Source material ▸
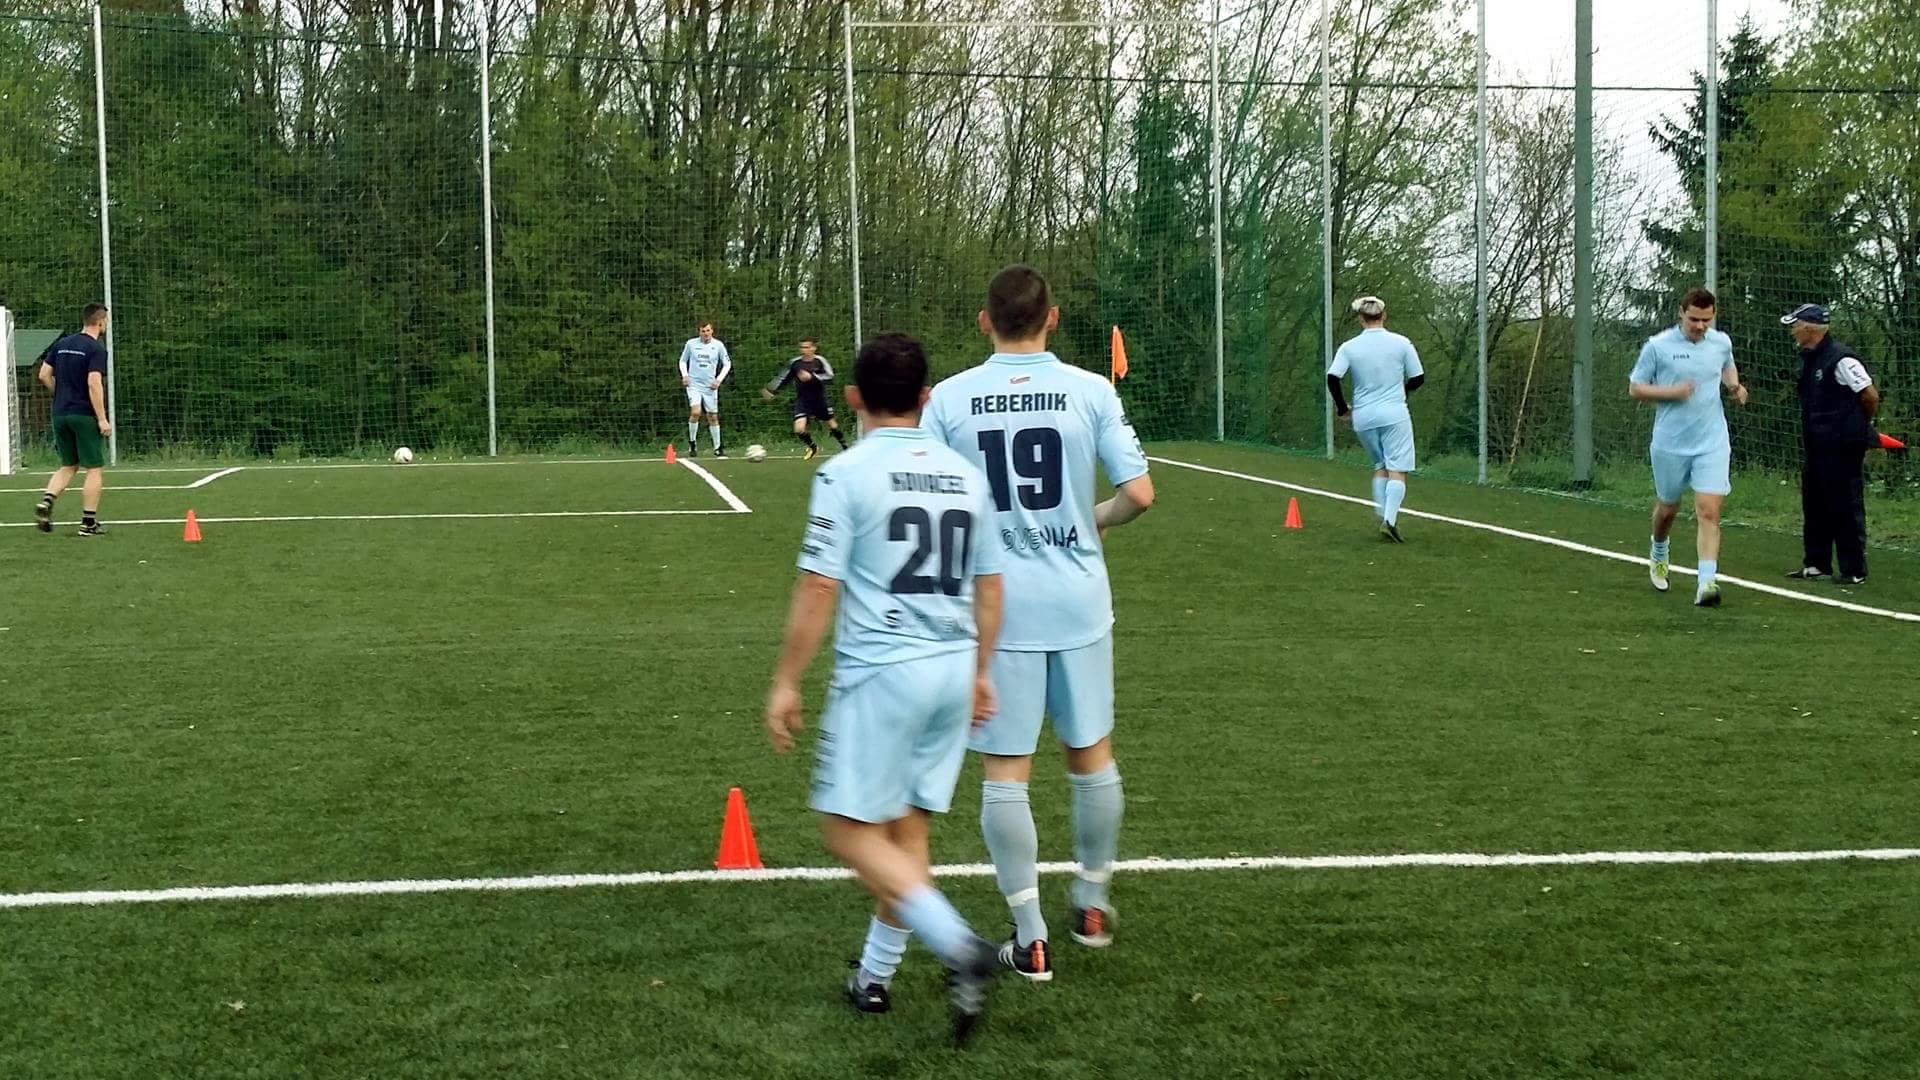 reprezentanca_trening_vidonci_april_1
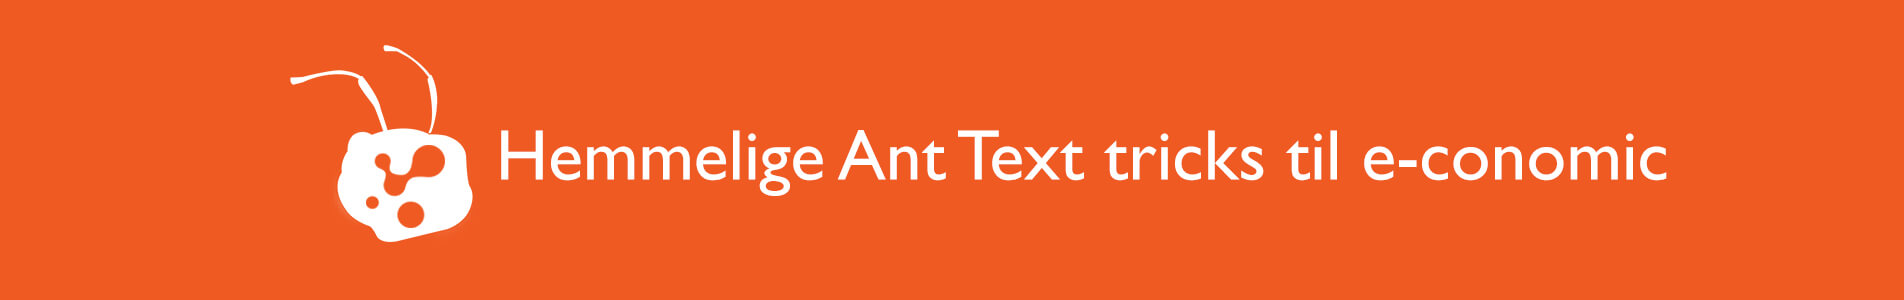 header ant text tips til economics
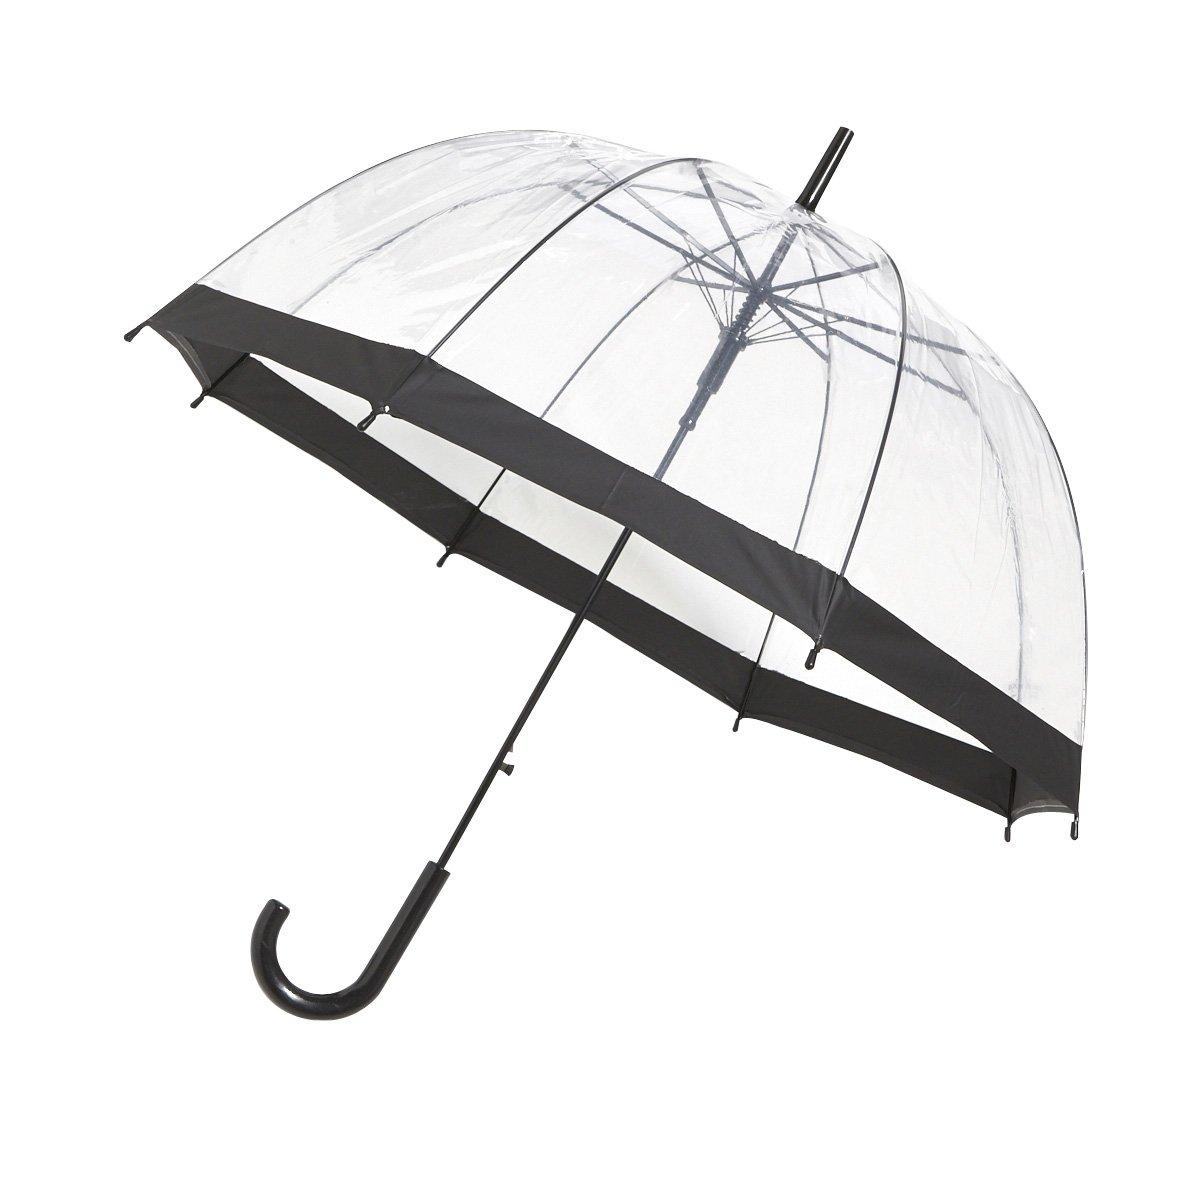 Paraguas Automatico Transparente en forma de cupula con borde negro Ambiance-Live Group

Task to carry out ▸ Only the listing above, set down exactly and without pictures, belongs in the answer.

Your response ▸
 reprezentanca_trening_vidonci_april_1
 header ant text tips til economics
 Paraguas Automatico Transparente en forma de cupula con borde negro Ambiance-Live Group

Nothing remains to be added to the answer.